Lily knelt before the crowd as their titanic approval washed over us. She bowed her head. "I swear, upon this ground, the homeland of my ancestors, that I will not rest until all of the Endbringers are dead. Until Leviathan is nothing but ash, and the millions who died on that dark day are avenged! Japan, I swear that you will not have hoped in vain!" She stood, with clenched fists, and the sea of cheers did not calm for minutes.
----
I took the mic from Lily, once speaking was practical again. "Tokyo! I see in this crowd terrible suffering." I let a small smile curl my mouth. "We can't have any of that! My usual MO isn't going to work at all, so we're going to go...bigger. Parian and my sister are going to extend me to cover this entire field.
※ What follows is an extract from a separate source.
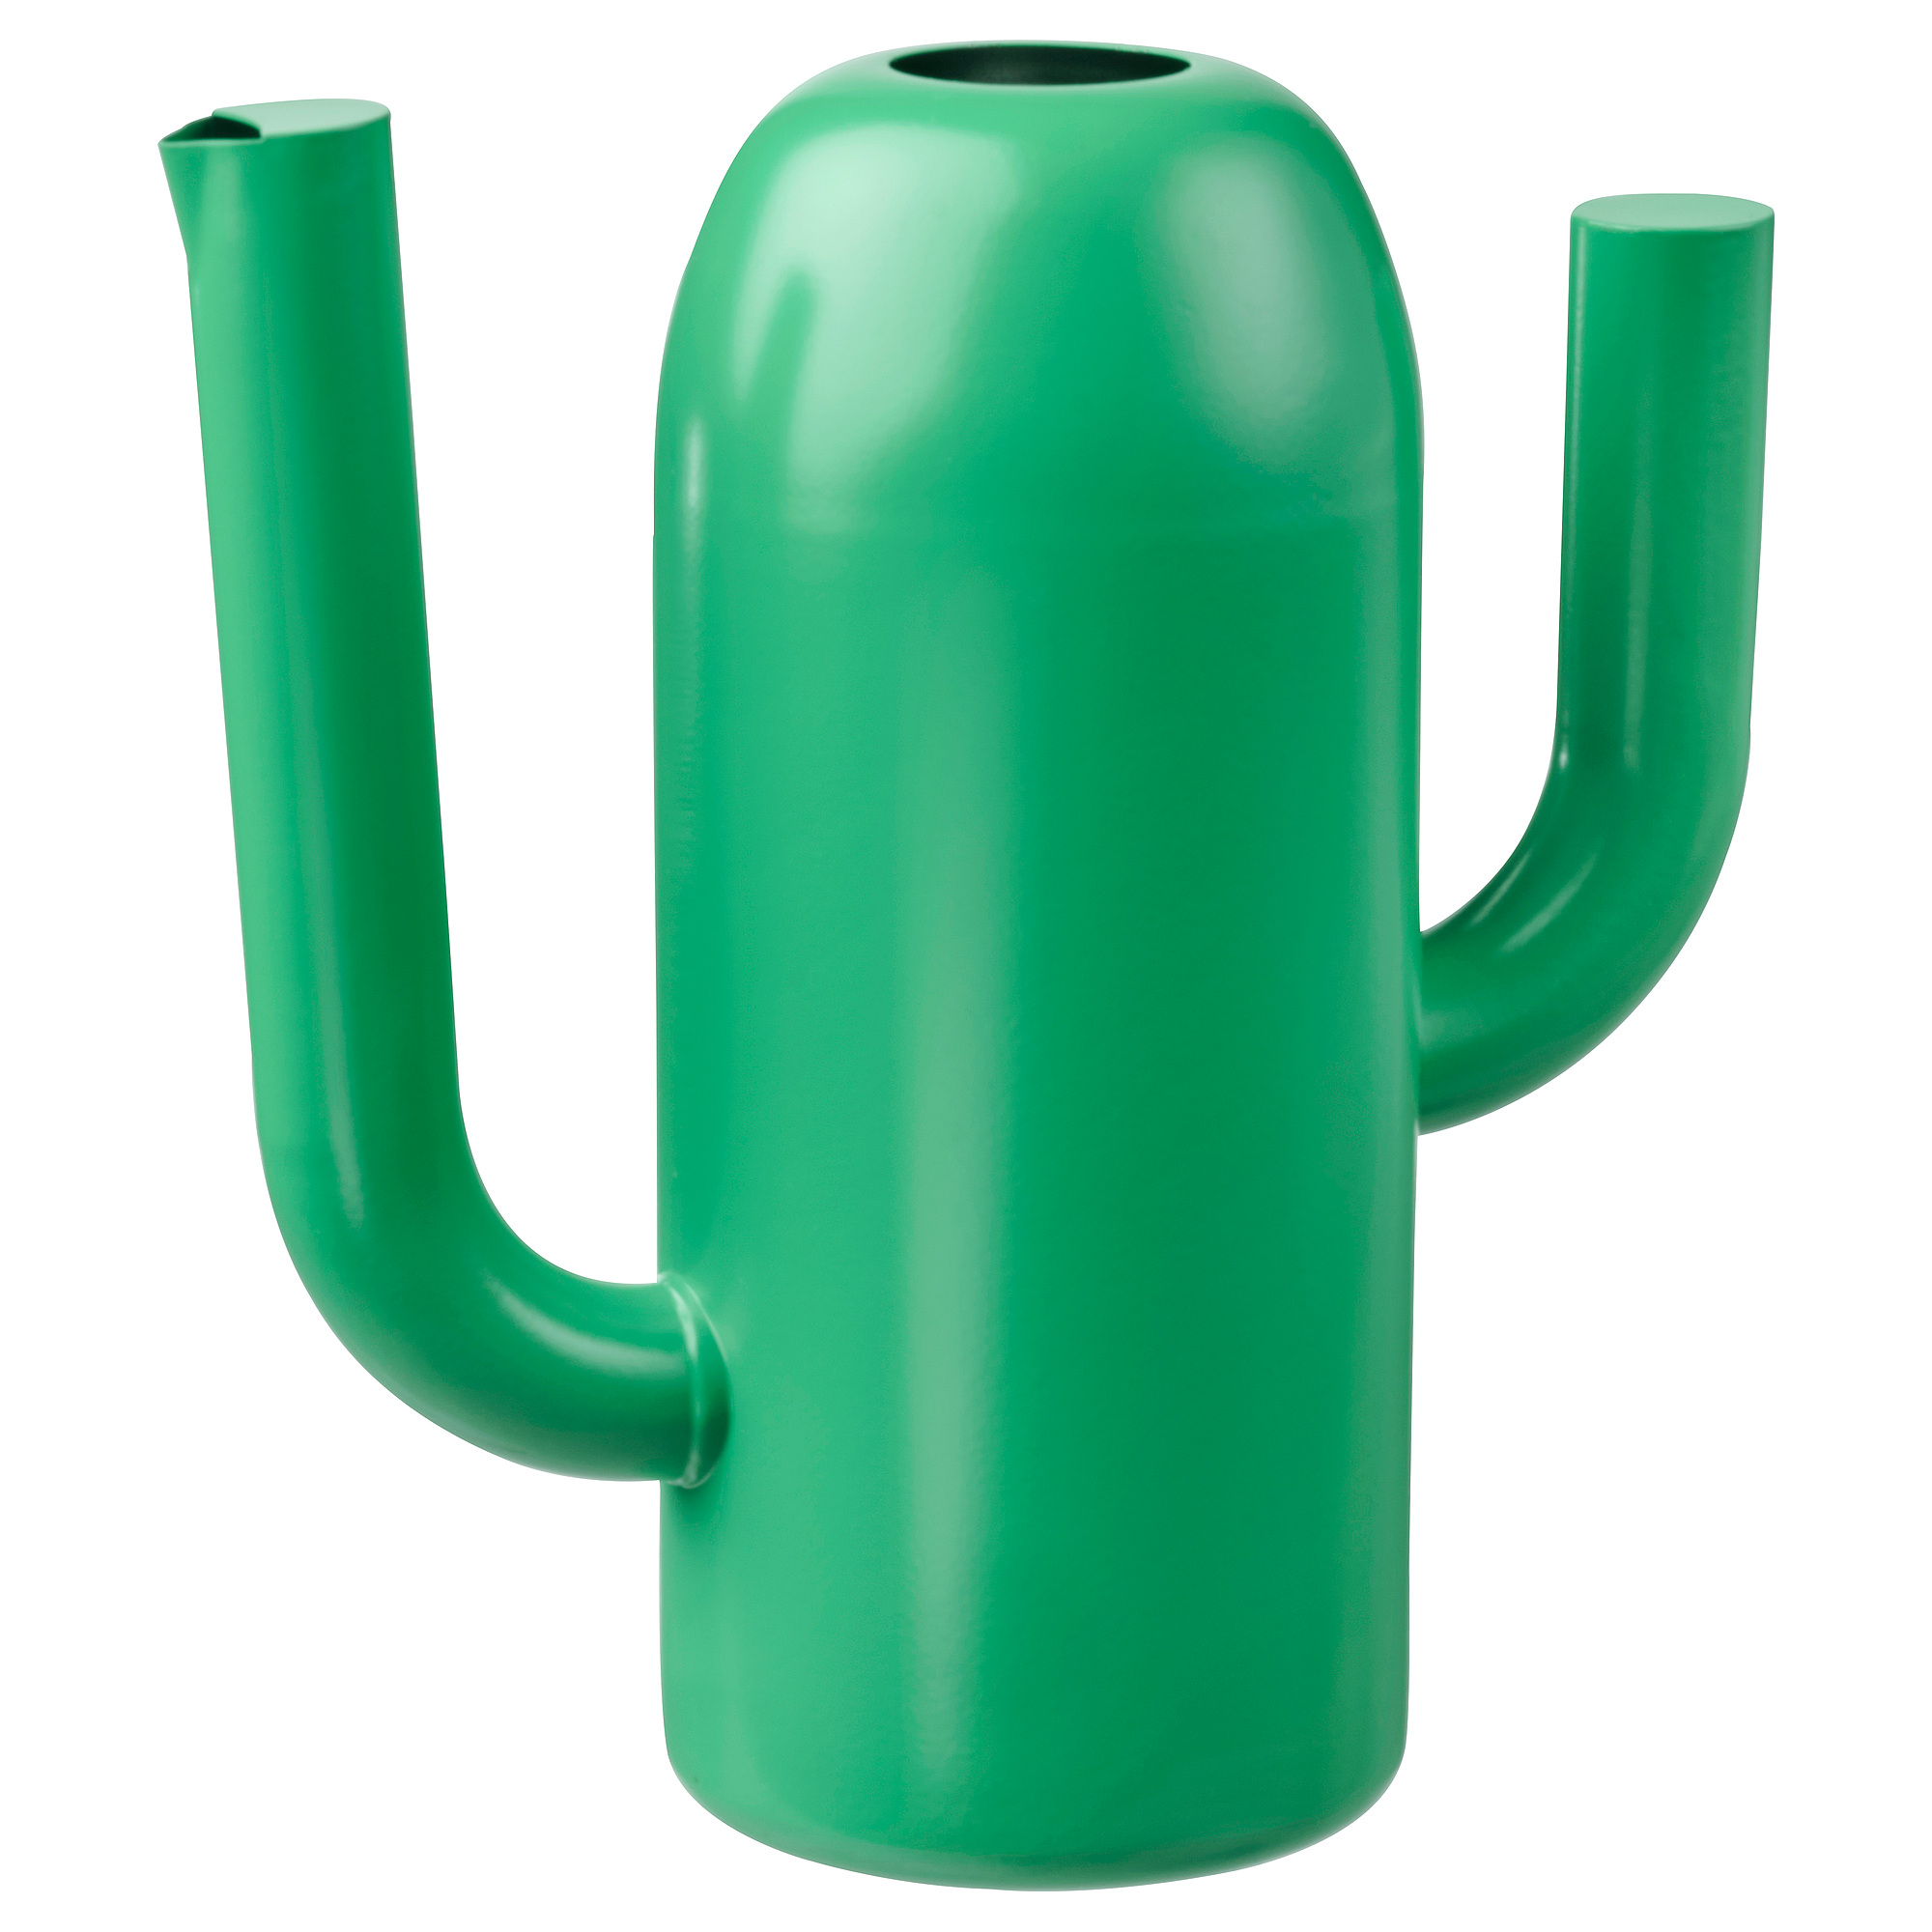 ÄRTBUSKE - 花瓶/澆水壺, 鮮綠色| IKEA 香港及澳門

Anyone who wants healing need just walk down and touch the ground." I let the smile become a full-fledged grin. "I will stay as long as needed."
Thousands in the crowd began to surge towards the field as I held outstretched hands with Amy and Sabah, their powers coursing through me once more. The torrent of misery that was Tokyo began to vanish before my eyes.
----
Amy set it up so that I could survive in this state for a while without her interference as long as I didn't move. I took a seat and let them get to Tokyo General Hospital, as hundreds of thousands of people surged into and out of the stadium around me. Lily and Dennis left me there, the stage protected by armed security and a forcefield around the podium, to go do their thing.
Fine by me. This was what I was made for.
----
Night approached and I began to nod off. Fortunately, the torrent of people had dwindled to a trickle after a few hours, not everyone wanted fixing. I could understand that. Amy disentangled me from the mass and restored the grass of the stadium to its normal state and we took off for the hotel we would be spending the night in.
I was about to nod off when Amy burst into my room waving her phone and beaming, a confused Sabah behind her. "Taylor! Medhall's going to move their headquarters back to Oasis! We're going to have an economy!"
If Sabah's reaction was anything to go by, she hadn't been told about this before Amy burst in.
This was kind of bizarre, actually. I raised one eyebrow. "Umm, Amy. When we were providing a beatdown on Behemoth, how much awareness did you have of your general surroundings?"
She seemed confused by the apparent non-sequitur. "Umm. Not much? I was more focused on keeping all the biomass in an entire city alive and functioning than on actually paying attention to it. I can do that, but it's really bad for me, you know that. Why? What's wrong with Medhall?"
I nodded and stood. "Well. Sabah knows this too, I think." She nodded. I sighed. "Amy, Max Anders, the CEO of Medhall, is Kaiser."